Carvacrol (Figure 2) is one of the several inhibitors of TRPM7 already identified (Parnas et al., 2009). This compound is a secondary metabolite (a monoterpenoid phenol) found in oregano essential oils from numerous genera (Baser, 2008). Suppression of TRPM7 activity through the use of carvacrol and the use of TRPM7-siRNA dramatically reduced the proliferation, migration, and invasion levels of the U87MG malignant glioma cell line, which expresses higher levels of TRPM7 mRNA and protein than normal human astrocytes (Chen et al., 2015; Leng et al., 2015). MGR2 glioma cells also express TRPM7 and display TRPM7 currents (Chen et al., 2016). Chen et al. (2016) identified a widely used anesthetic compound in clinics since the 1970s, i.e., midazolam (Figure 2), as a TRPM7 inhibitor.
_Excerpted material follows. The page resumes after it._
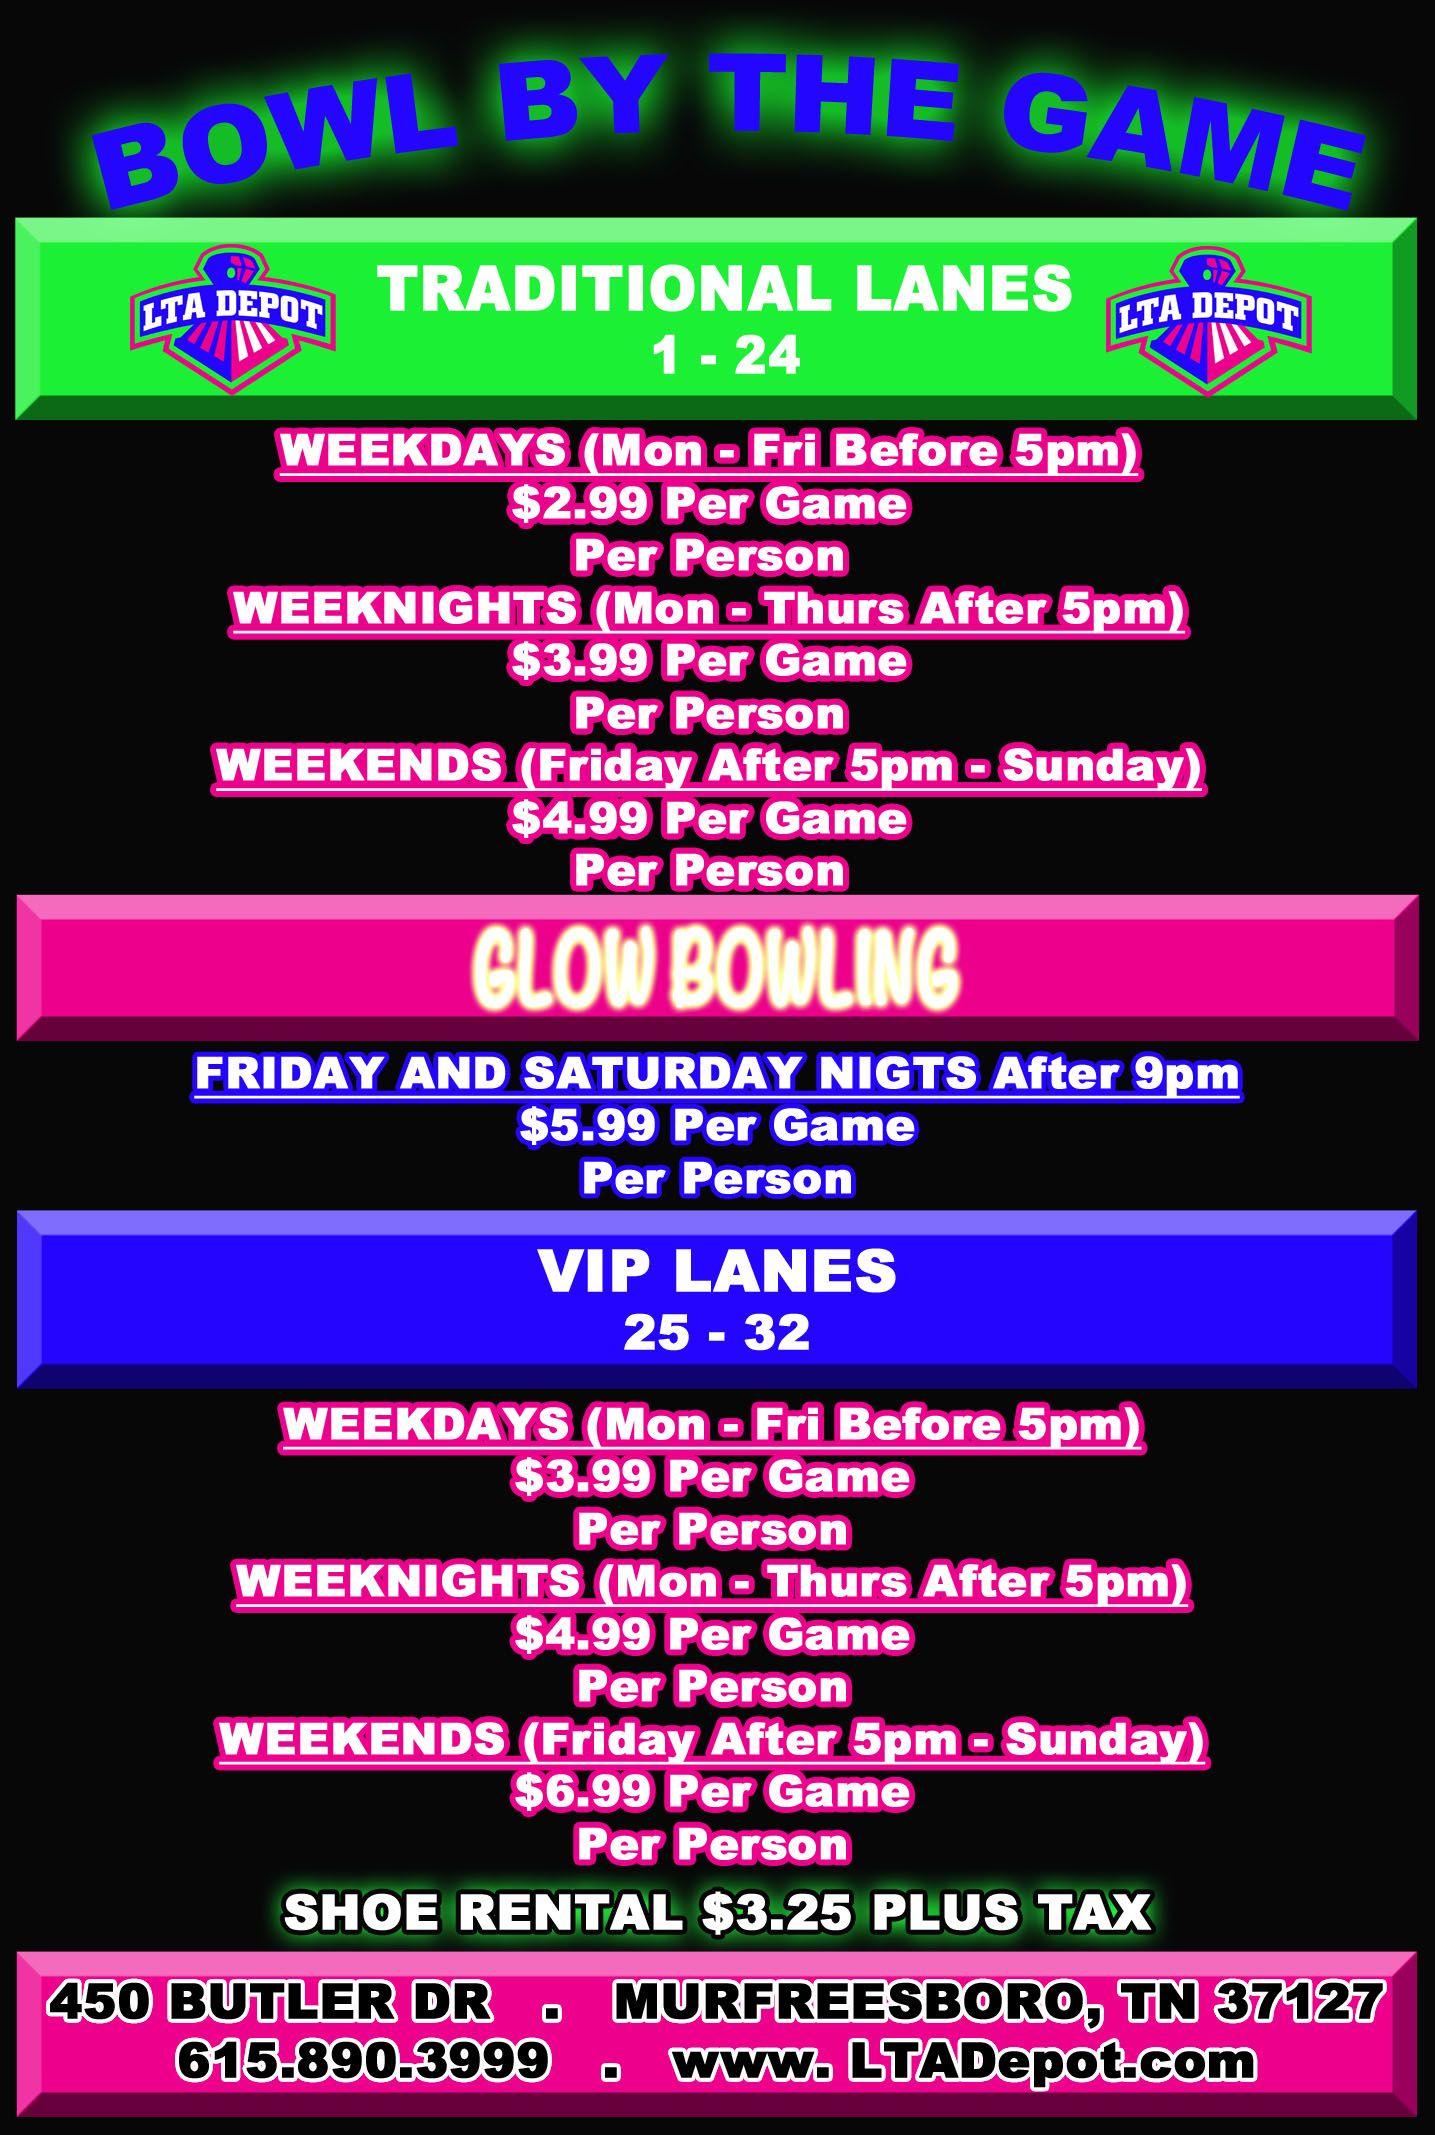 Lanes Trains Automobiles Entertainment Depot Information Bowling Rates Bowling Glow Bowling Bowl Game

The use of midazolam for in vitro treatment periods as short as seconds on glioma cells suppressed TRPM7 currents and calcium influx, while treatment for 48 h vanished TRPM7 expression (Chen et al., 2016). The inhibitory effect of midazolam on TRPM7 currents results in a decrease in proliferation and G0/G1 phase cell cycle arrest in two human glioblastoma cell lines (Chen et al., 2016). Of note, midazolam is a short-acting benzodiazepine that crosses the blood–brain barrier with a favorable pharmacological profile, and it could be used at first glance to treat patients with malignant glioma if one considers TRPM7 as a valuable target. However, the concentration (100 μM) of midazolam used in vitro in the study reported by Chen et al. (2016) is much higher than the clinical concentration ranges reported for this compound. It must indeed be emphasized that midazolam used at high doses induces sedative and hypnotic effects and therefore precludes its use as a chronic treatment for malignant glioma patients (Olkkola and Ahonen, 2008). Novel derivatives of midazolam or medical devices for its local delivery should be developed if it is to be used for glioma chemotherapy.
TRPM8
TRPM8 was first identified in prostate carcinoma (Tsavaler et al., 2001) and then in a number of other cancer types (Liu et al., 2014; Yee et al., 2014; Yu et al., 2014); it has been more recently shown to be upregulated in glioblastoma compared to normal brain tissue (Alptekin et al., 2015; Zeng et al., 2019), while TRPM8 expression is highly heterogeneous in human glioblastoma specimens as well as in established cell lines (Klumpp et al., 2017). Zeng et al. (2019) showed that high expression of TRPM8 mRNA was associated with a shorter OS time in patients with glioblastoma. TRPM8 channels facilitate Ca2+ entry in glioblastoma cells, and their activation has been shown to stimulate large-conductance K+ channel activity and, consequently, glioblastoma cell migration (Wondergem et al., 2008; Wondergem and Bartley, 2009; Klumpp et al., 2017). In vitro, using the U251 human glioblastoma cell line, Zeng et al. (2019) showed that TRPM8 enhances the sensitivity of glioblastoma cells to apoptosis and regulates the proliferation and invasion abilities. Klumpp et al. (2017) showed in vitro using human glioblastoma cells that (i) TRPM8 signaling is involved in cell cycle regulation and represses apoptotic cell death; (ii) clinically compatible ionizing radiation doses for treating glioblastoma patients induce upregulation of TRPM8 function; and (iii) elevated TRPM8 function, in turn, confers radioresistance (Klumpp et al., 2017). A combination of TRPM8 targeting and radiotherapy could be an interesting approach for future glioblastoma therapy. As developed in the next section, some strategies to target TRPM8 have already been developed and/or are ongoing.
Therapeutic Perspectives
As summarized above, TRP channels exert various roles in cancer cell biology, including glioma ones (Gaunt et al., 2016; He and Ma, 2016; Jardin and Rosado, 2016; Li and Ding, 2017; Zhan and Shi, 2017). A number of more or less specific compounds from synthetic versus natural origin that selectively target different subtypes of TRP channels have been discovered, including some preclinical candidates (Wang et al., 2020). We recall these promising compounds below.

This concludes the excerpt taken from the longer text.